Computational and Mathematical Methods in Medicine
|June 23, 2022
Summary
This study introduces an Inception-LSTM algorithm using inertial sensors for human motion recognition, achieving high accuracy and offering an interpretable alternative to video-based methods.
Area of Science:
- Computer Science
- Biomedical Engineering
- Signal Processing
Background:
- Traditional video-based human motion recognition faces challenges like high cost, blind spots, and environmental sensitivity.
- Inertial sensor-based approaches offer a potential solution but require robust feature extraction and temporal modeling.
Purpose of the Study:
- To propose an improved Inception-LSTM algorithm for human motion recognition using inertial sensor signals.
- To enhance recognition accuracy and interpretability compared to existing methods.
Main Methods:
- Input inertial sensor signals are processed using an Inception structure for multi-scale spatial feature extraction.
- An improved Efficient Channel Attention (ECA) module refines critical details from spatial features.
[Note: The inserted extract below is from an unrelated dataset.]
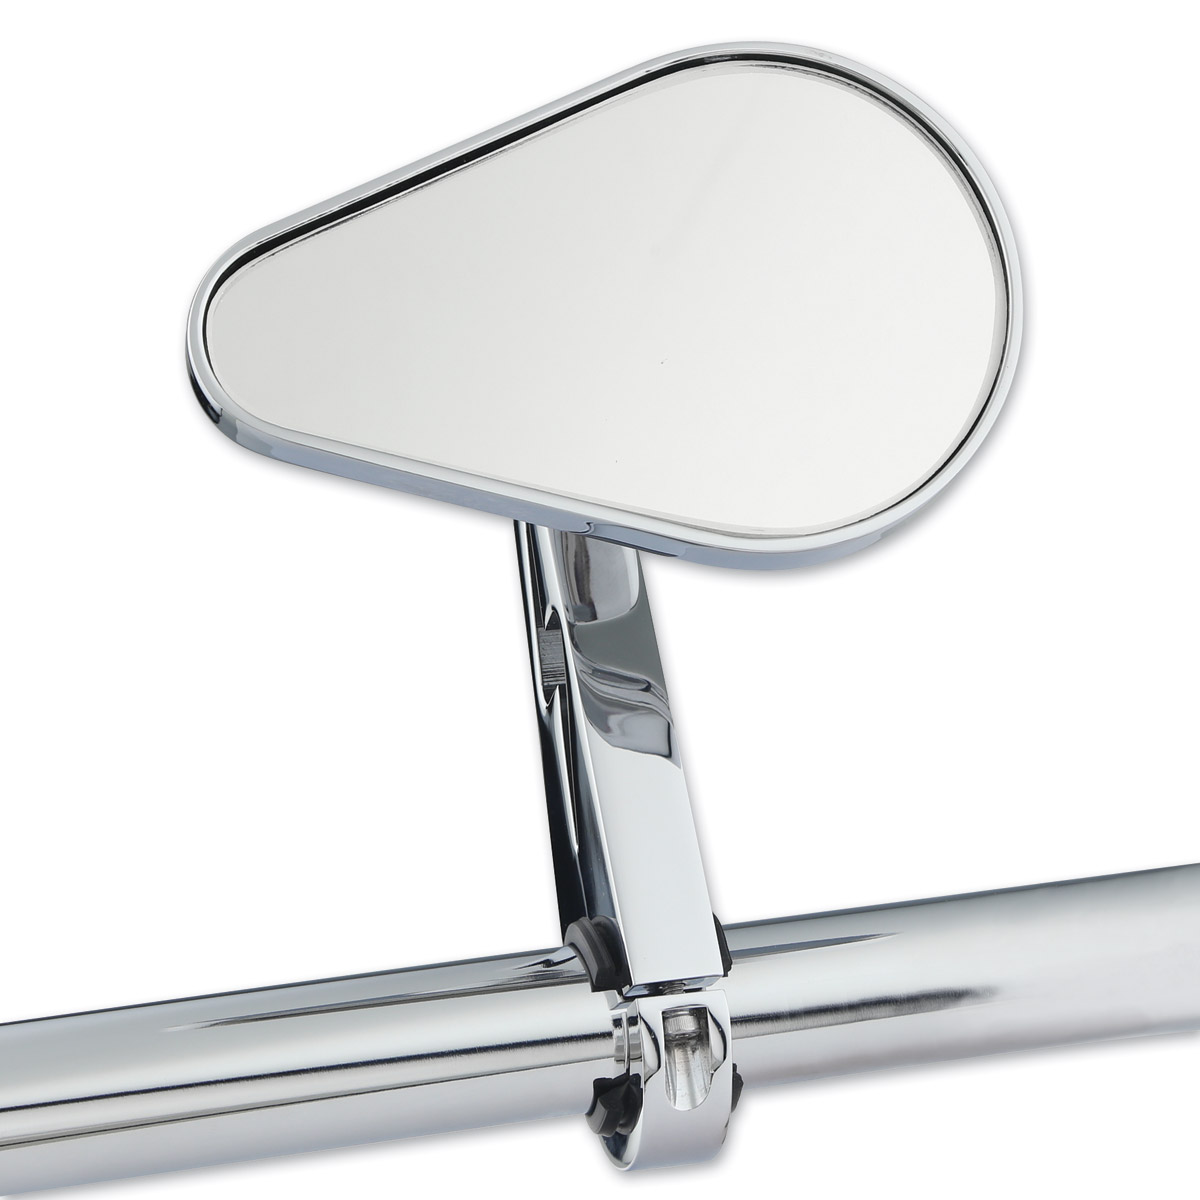 J&P Cycles® Clamp-On Teardrop Mirror

- A Long Short-Term Memory (LSTM) network is employed for temporal feature extraction and motion classification.
Main Results:
- Achieved 95.04% recognition accuracy on the public PAMAP2 dataset.
- Attained 98.81% accuracy on a self-built dataset, demonstrating superior performance.
- Visual analysis of channel attention weights confirmed model interpretability and alignment with human intuition.
Conclusions:
- The proposed Inception-LSTM algorithm effectively recognizes human motion from inertial sensor data.
- The model offers a highly accurate and interpretable solution, overcoming limitations of video-based recognition.